That’s not true. I am exaggerating for comic effect but not by much. Instead “The Call” and “The Call Part 2” bring in Micron (you know, Micron! Everyone’s favorite), Big Barda, Warhawk, Aquagirl, Kai-Ro and the aforementioned Emo Superman as members of Justice League Unlimited.
In the previous episode Superman brought Terry into the group to discover the identity of a mole that was sabotaging them from within. The other members of the Justice League Unlimited were skeptical of the newcomer in their midst. They don’t trust him because he’s the new guy but also because they sense that he is a snitch and consequently not to be trusted.

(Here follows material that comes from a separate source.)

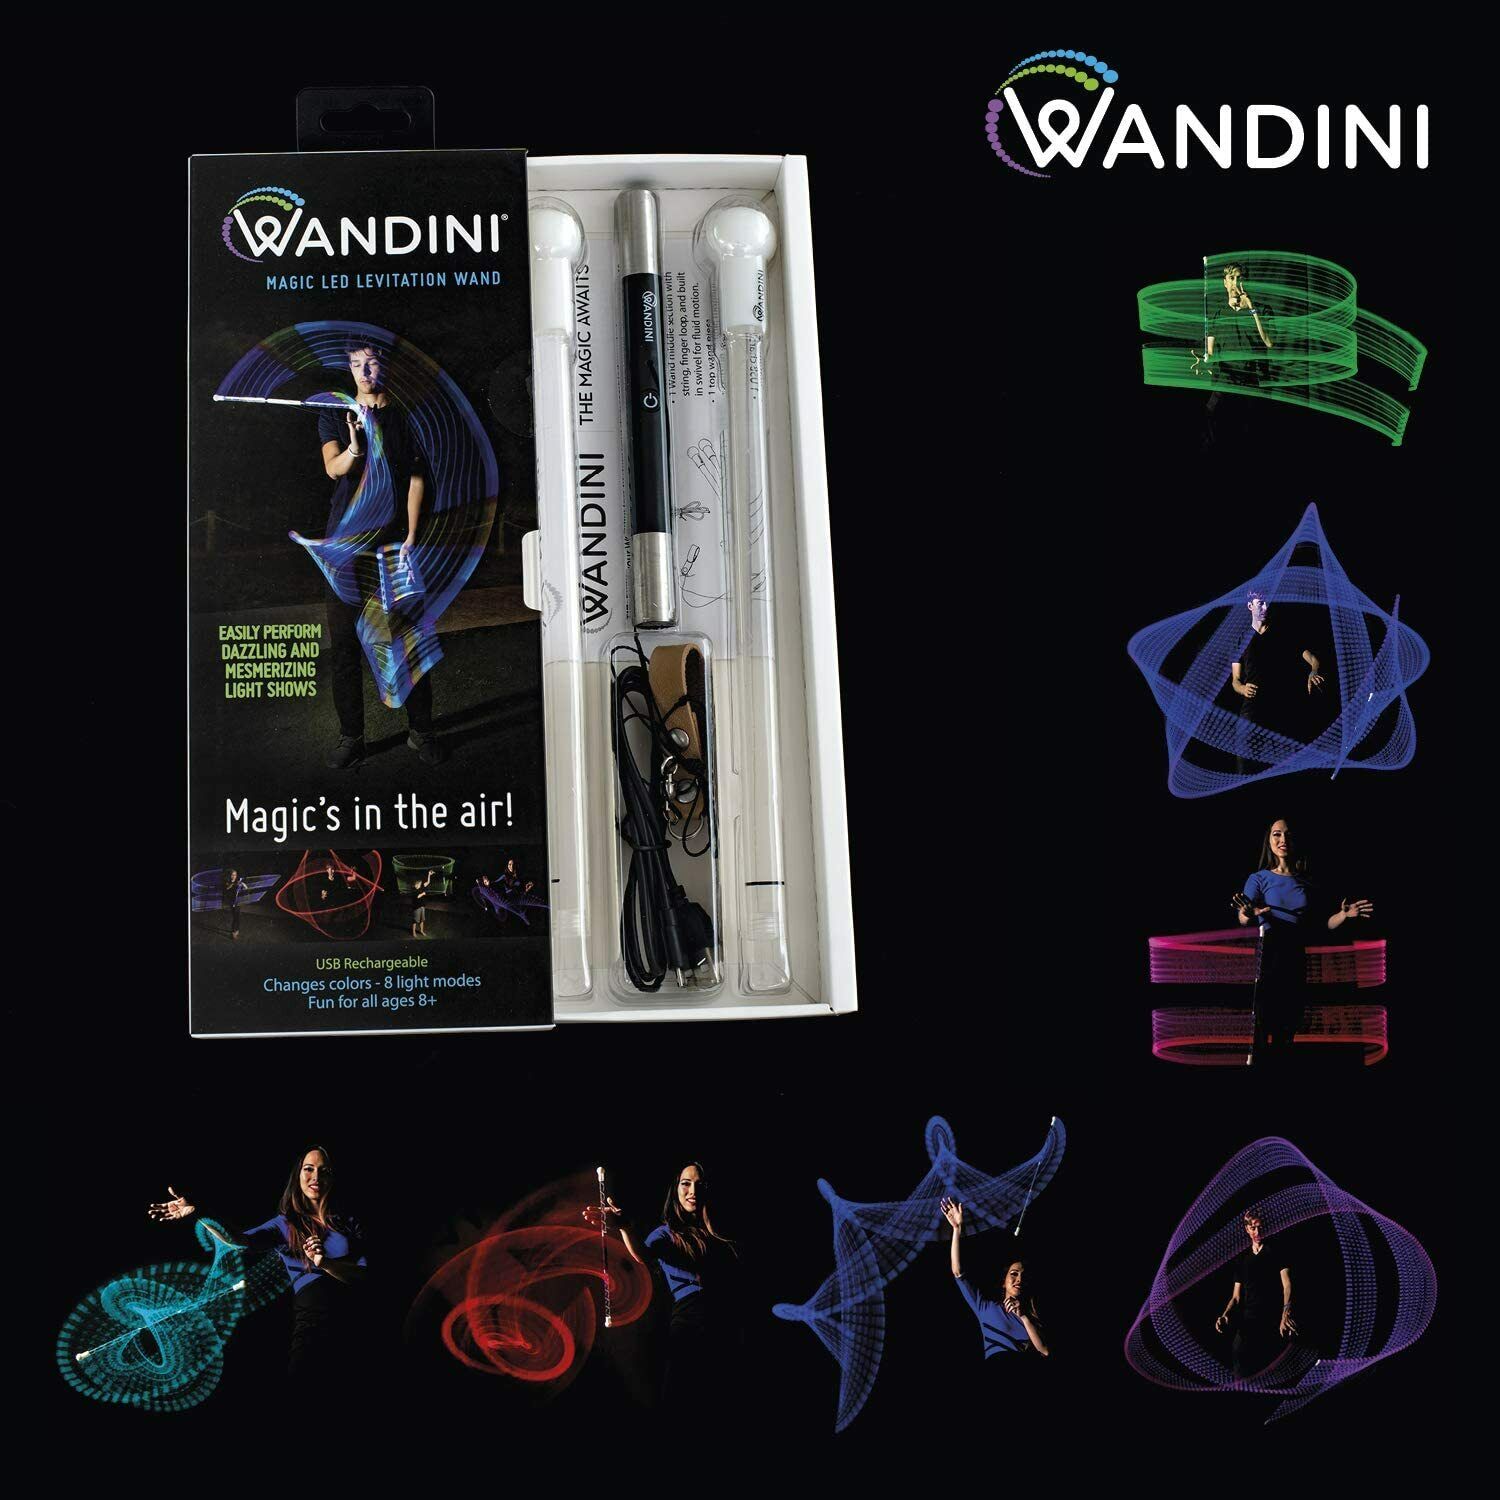 Wandini Magic LED Levitation Wand Amazing Lights Flow Levi Wand - USB Recharge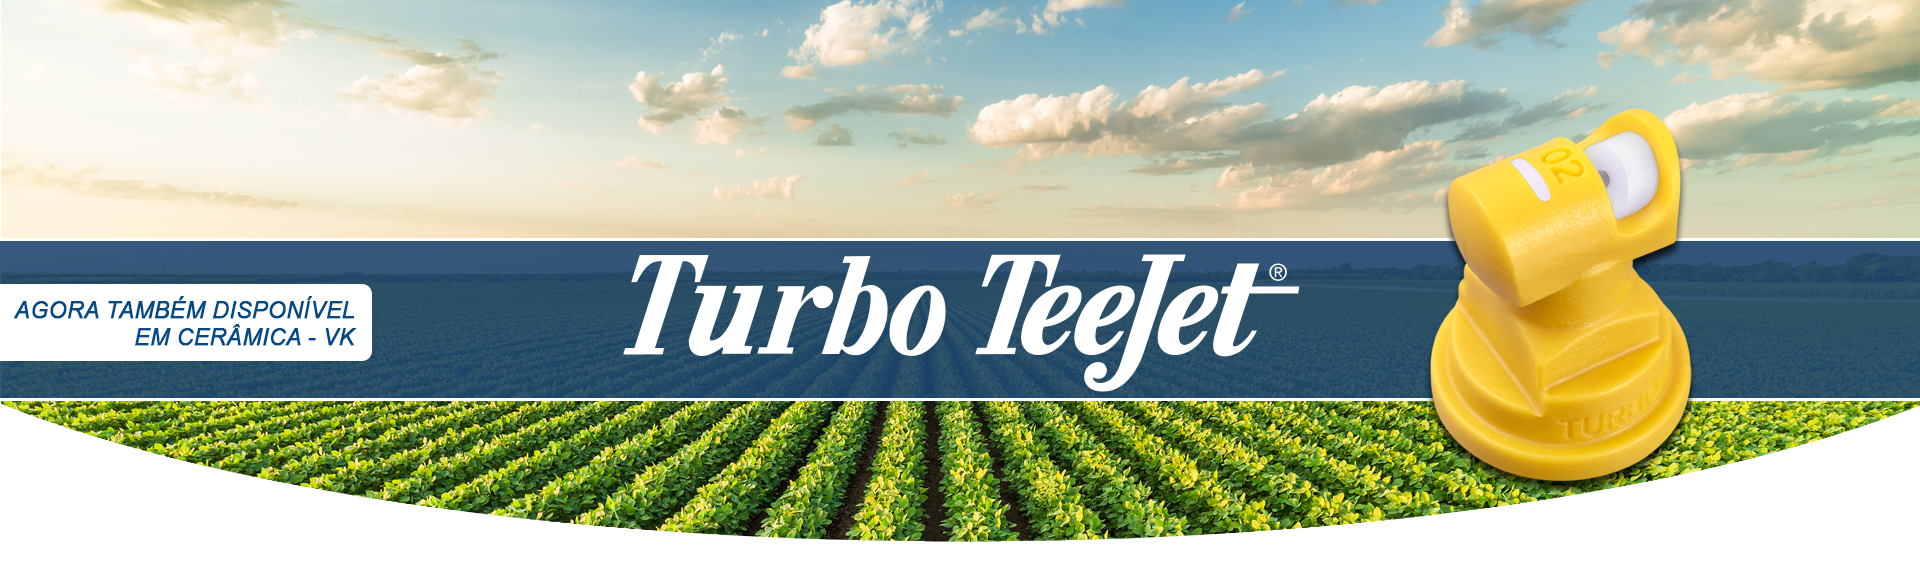 Turbo TeeJet® - Agora Também Disponível em Cerâmica - VK

Whether you’re a jailhouse rat or a superhero informer, nobody likes a snitch. The second part of “The Call” ends with a twist and a cliffhanger. We discover that the mole inside Justice League Unlimited is, in fact, Superman.
Ah, but Superman hasn’t been his super-heroic self for years, it seems. Many years back Superman was captured by an alien zoo-keeper known as Preserver who collects the final member of various species.
Superman eventually defeated the Preserver, and found a loving permanent home for the creatures in the Preserver’s collection in his own Fortress of Solitude. One of the creatures in the zoo is a star-fish like alien known as Starro.
Starro envies Superman’s power, so he bides his time and eventually strikes, taking over the Kryptonian beefcake’s body, mind and spirit for its own ends.
I’ve always been fascinated by the idea of a supervillain being an evil starfish from outer space. Even by the exceedingly lenient standards of comic books, that is a very weird idea, the kind that makes you wonder just what the lunatics who dreamed up these nutty notions were smoking.
In the second half of “The Call”, Batman Beyond manages to eke genuine pathos out of the sorrowful existential plight of Starro, an orphan without a family, without a planet, without anything and anyone to call his own.
What’s a being like that to do if not take over Superman’s mind? The animation for the scenes on Starro’s planet are hypnotic and otherworldly in their kaleidoscopic beauty. With “The Call”, Batman Beyond gets trippy and cosmic as it dips a toe in Jack Kirby’s Fourth World mythology.
Big Barda even uses a Mother Board, a signature piece of technology in Fourth World mythology, to send Starro back to his world rather than killing him and ending the threat that he represents.
I have complained about the funky, off-brand nature of Justice League Unlimited before but I liked them a lot more this time around, in particularly Big Barda, a fierce warrior whose personality was inspired by Jack Kirby’s wife and whose physique was inspired by Kirby’s admiration for character actress Lainie Kazan’s enormous breasts, as showcased in a Playboy pictorial around the time he conceived Big Barda
I’m not expecting Warhawk, Aquagirl, Kai-Ro or Micron to get their own big-budget cinematic vehicles any time soon but it seems oddly appropriate that a show as bracingly weird, non-commercial and random as Batman Beyond would feature a Justice League this odd.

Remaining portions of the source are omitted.